Activity 11: Basic Video Processing

This activity is the last of my Applied Physics 186 activities. Here, we try to apply all of the image processing techniques we've learned during the sem to a sequence of images that are played continuously more commonly known as a video to extract information like the position of a ball in time. 

Consider a simple mechanics problem shown below: A ball is released from one end of an inclined plane. Find a) Its position through time b) The acceleration due to gravity, $g$.

We need to isolate the ball using color segmentation. Vid.1 is a 5-second video we want to process. We take each frame as an image and try to isolate the ball by taking a patch on the surface of the tennis ball as our ROI and then apply Parametric Segmentation. To know about this said technique, you can revisit my Activity 7 here. 

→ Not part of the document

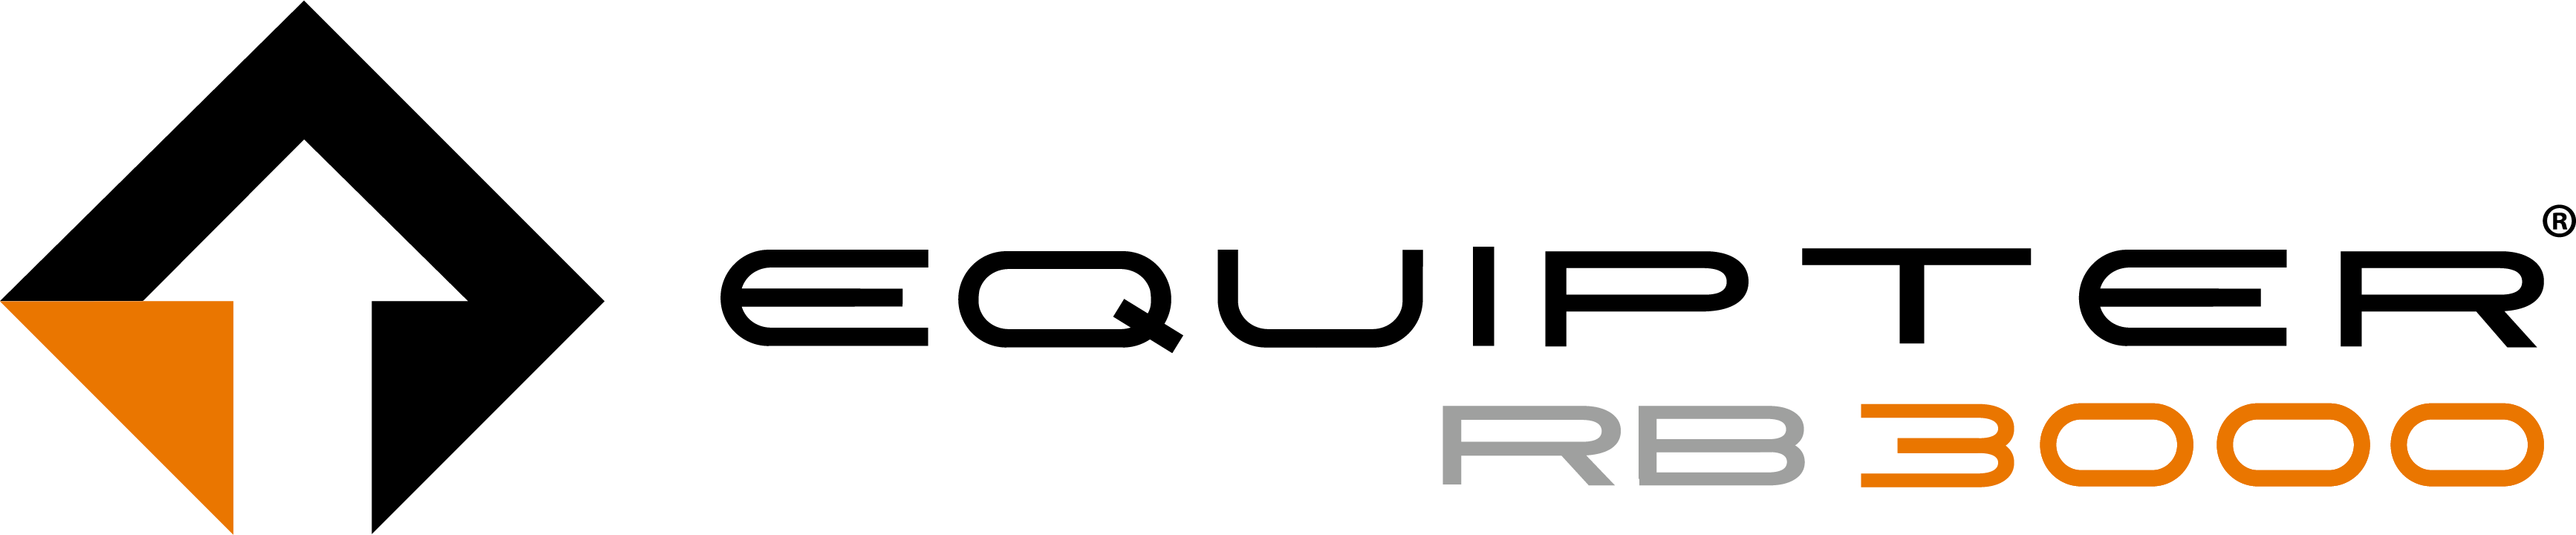 RB3000 Full Logo

After the parametric segmentation, there are still some other blobs we want to disregard completely. To do this, I did morphological operations to remove these blobs. First, label each blob using the SearchBlobs() function and then, try to filter each using FilterBySize(). The following video shows the isolated ball.

Below is the code I used to isolate the ball and compute for the centroid.

Now that we have one single blob to track, we find its position by calculating for its centroid. The centroid is the coordinates of the blob's center of mass in the image so that it is in x and y. The problem can be solved using polar coordinates for ease in computation but since the centroid for every frame is an ordered pair of (x,y) we first use cartesian coordinates and then convert into polar. The following images contain the schematic diagram of the problem and also the derivation of the important equations.

Figure 1. Schematic diagram with the origin at the top of the ramp. Polar and cartesian relations are also derived.

We consider the origin to be at the top of the ramp inclined at an angle $\alpha$ and has a length $s_{max}$. The relationship of the cartesian to polar quantities are also shown.

Figure 2. Energu relations for a hollow ball from which we derived the velocity $\dot s$ at the bottom of the incline

We consider the tennis ball to be a hollow sphere with a moment of inertia $I = \frac{2}{3}mr^2$ and that its motion includes rolling without slipping along the incline. From the energy relation which shows the conservation of energy where the potential energy is equal to the kinetic, we can derive its final speed $\dot s$.

Figure 3. We take the derivative  of the expression for the velocity $\dot s$ in Figure 2 to get the acceleration of the ball along the ramp and then use trigonometry to get the acceleration along the horizontal.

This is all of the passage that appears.